Recently in this space, I wrote about the fact that the sports authority has not been able to connect very well with the sporting federations. This particular situation became very evident when the sports authority first made known its usage fees to federations. The general view was that the fees were not in line with the gate returns federations get when they stage events. Many concluded that the sports authority was out of touch with the reality of the Bahamian sporting landscape. So, the sports authority has not been a convincing or believable entity, to many.

Therefore there is this great lack of trust. The circumstances beg a question. Is the National Sports Authority relevant? Is the way the National Sports Authority is structured, appropriate for the sports agenda today in The Bahamas?

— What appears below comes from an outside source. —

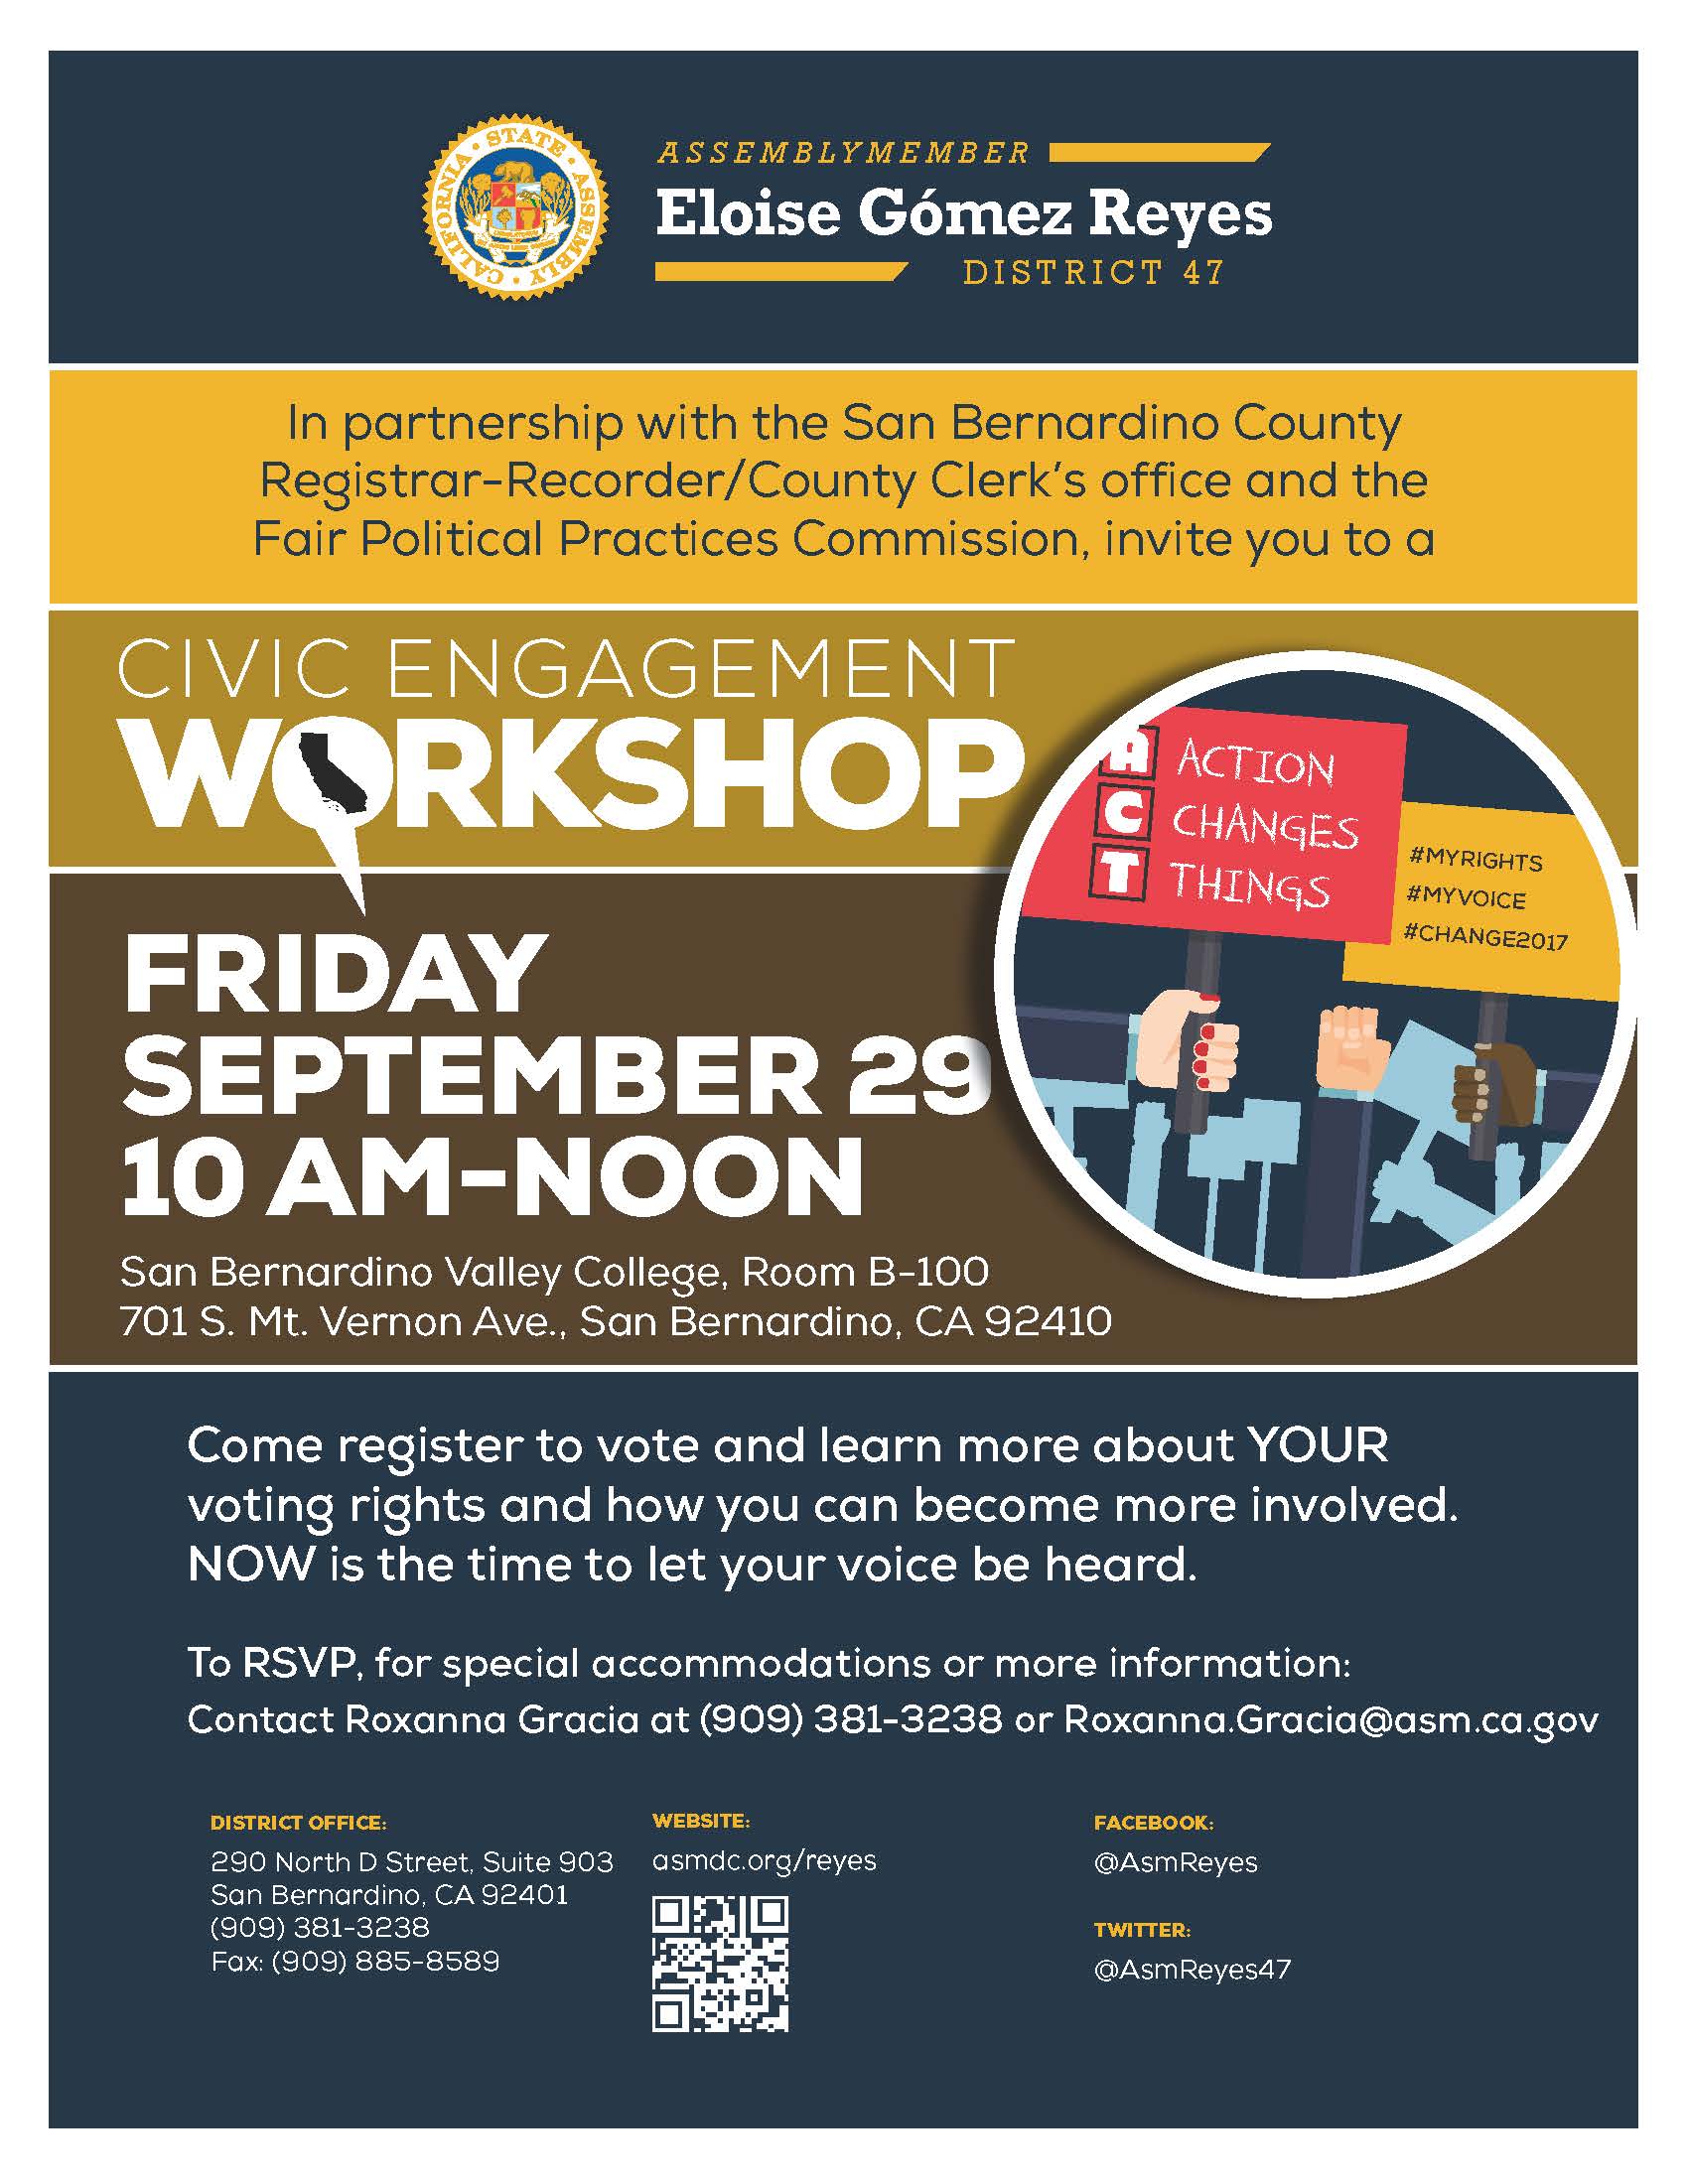 Civil Engagement Workshop on September 29. 2017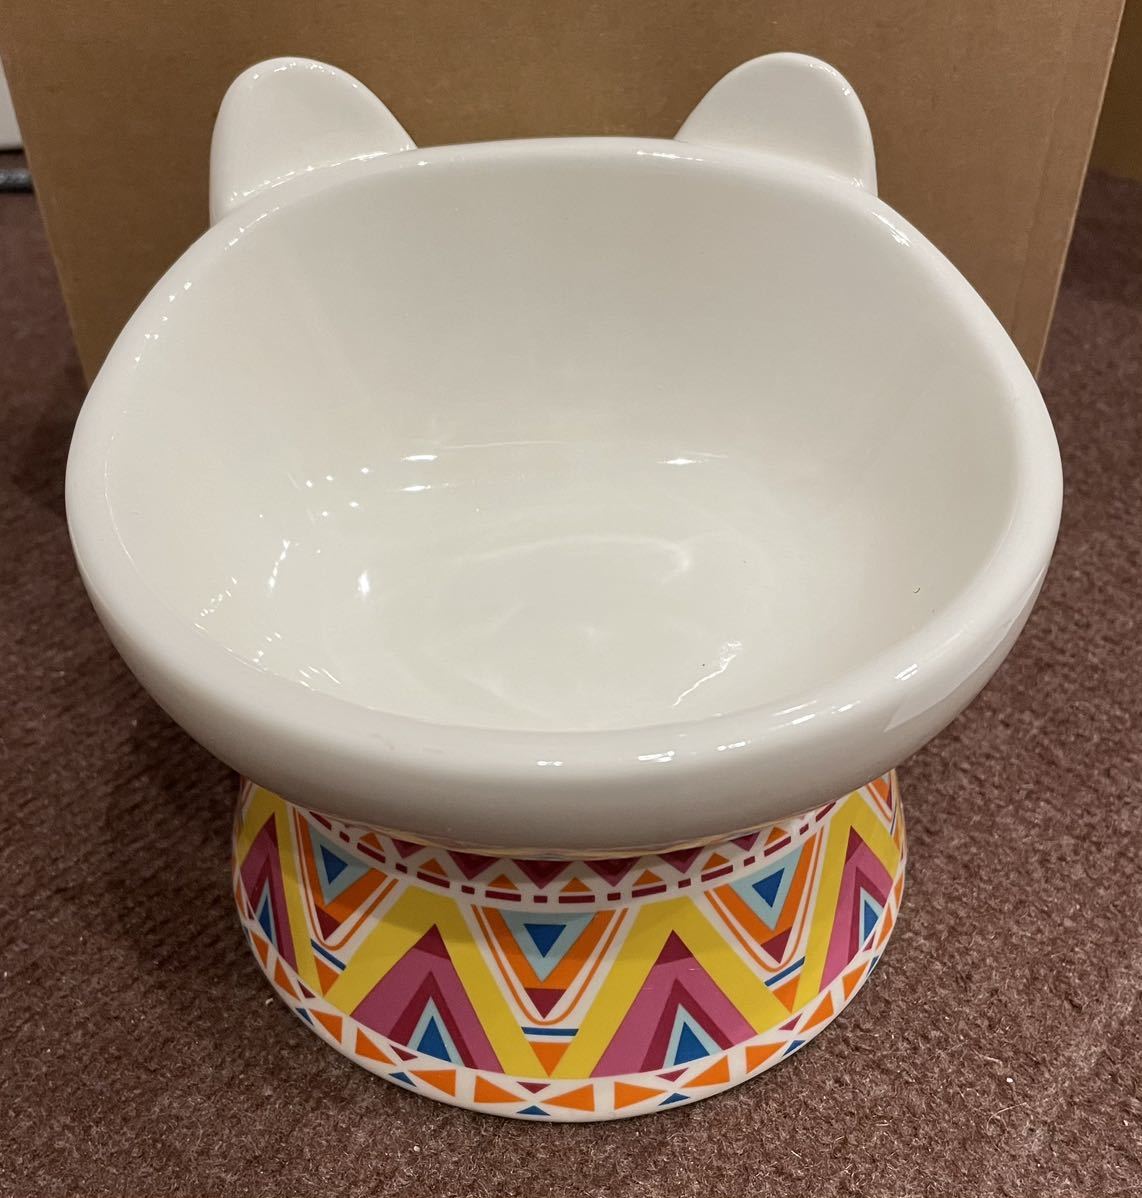  новый товар не использовался бесплатная доставка GUREITOJP керамика капот миска кошка посуда керамика симпатичный наклонение домашнее животное посуда

There are a lot of questions being asked now about Archer and company and the manner in which they are functioning. The sports authority has used up a good deal of national funding at a time of great economic decline. It is my understanding that Archer and company now are clamoring for more money, a large number. It is definitely a credibility challenge that he and his associates face.

Are their hands tied? Are they not being fortified properly to do the job at hand? For credibility sake they might wish to clear the air relating to the many questions. If not, it will begin to look, more and more, that they don’t have the capacity, the competence for the important job they agreed to take on.